Cribl LogStream ‚Äď Docs

Cribl LogStream Documentation

Questions? We'd love to help you! Meet us in #Cribl Community Slack (sign up)
Download entire manual as PDF - v2.3.2

Getting Started Guide

This guide walks you through planning, installing, and configuring a single-instance deployment of Cribl LogStream. You'll capture some realistic sample log data, and then use LogStream's built-in Functions to redact, parse, refine, and shrink the data.

By the end of this guide, you'll have assembled all of LogStream's basic building blocks: a Source, Route, and Pipeline, several Functions, and a Destination. You can complete this tutorial using LogStream's included sample data, without connections to ‚Äď or licenses on ‚Äď any inbound or outbound services.

Assuming a cold start (from initial LogStream download and installation), this guide might take about an hour. But you can work through it in chunks, and LogStream will persist your work between sessions.

ūüĎć

If you've already downloaded, installed, and launched LogStream, skip ahead to Add a Source.

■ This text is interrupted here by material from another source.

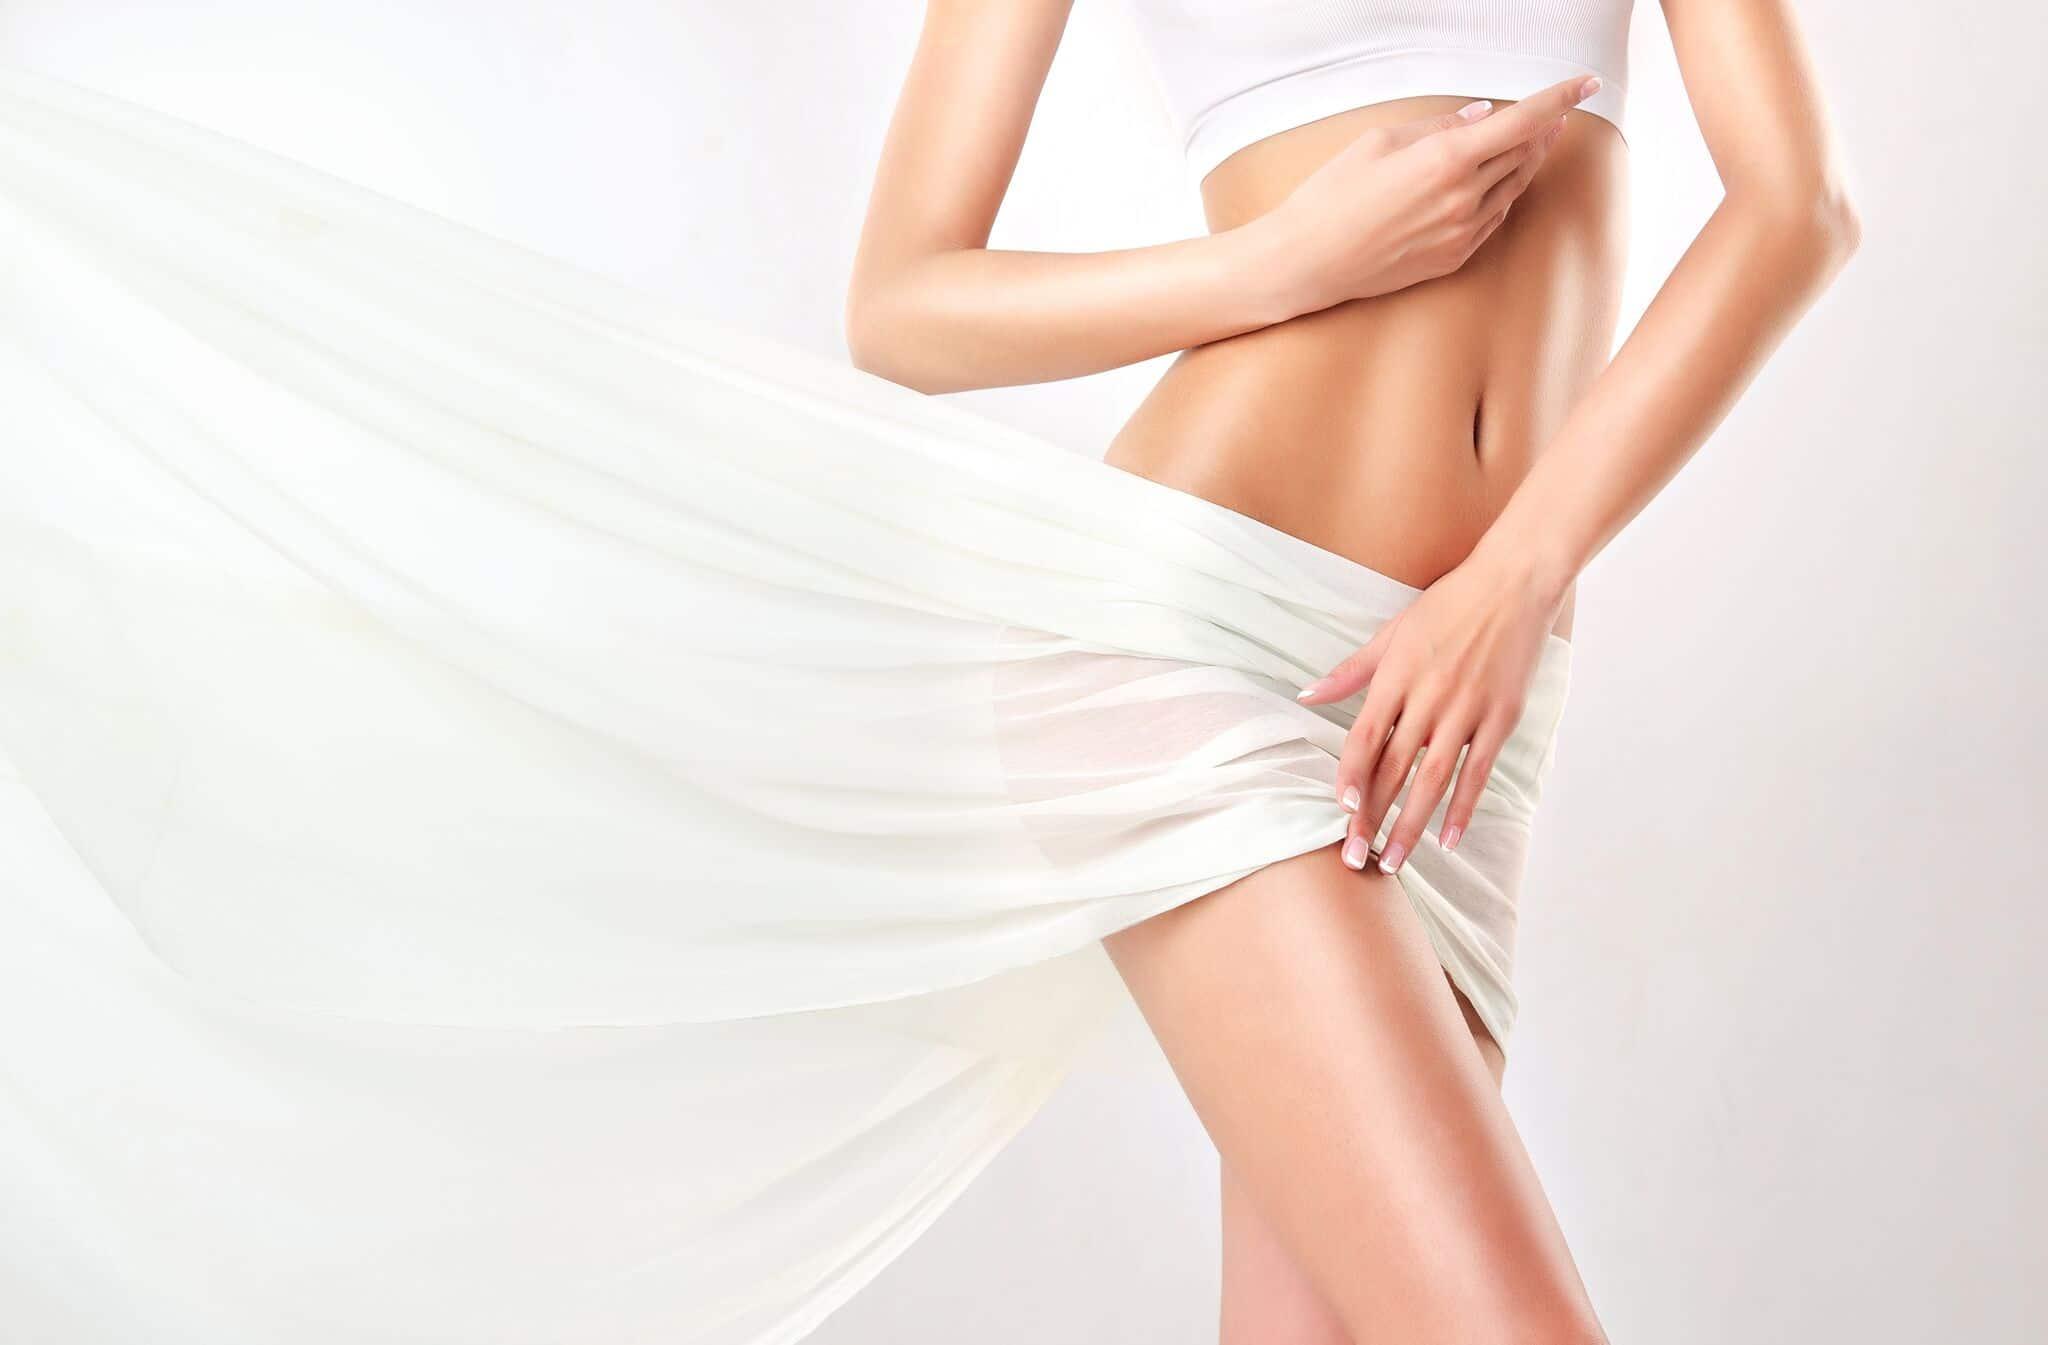 rejuvenare vaginala

Requirements for this Tutorial

The minimum requirements for running this tutorial are the same as for a LogStream production single-instance deployment.

OS

  • Linux: RedHat, CentOS, Ubuntu, Amazon Linux (64bit)

System

  • +4 physical cores = +8 vCPUs; +8GB RAM ‚Äď all beyond your basic OS/VM requirements
  • 5GB free disk space (more if persistent queuing is enabled)

‚ĄĻ

We assume that 1 physical core is equivalent to 2 virtual/hyperthreaded CPUs (vCPUs). For details, see Recommended AWS, Azure, and GCP Instance Types.

Browser Support

  • Firefox 65+, Chrome 70+, Safari 12+, Microsoft Edge

Network Ports

By default, LogStream listens on the following ports:

Component

Default Port

UI default

9000

HTTP Inbound, default

10080

User options

  • Other data ports as required.

You can override these defaults as needed.

Plan for Production

For higher processing volumes, users typically enable LogStream's Distributed Deployment option. While beyond the scope of this tutorial, that option has a few additional requirements, which we list here for planning purposes:

  • Port 4200 must be available on the Master Node for Workers' communications.
  • Git (1.8.3.1 or higher) must be installed on the Master Node, to manage configuration changes.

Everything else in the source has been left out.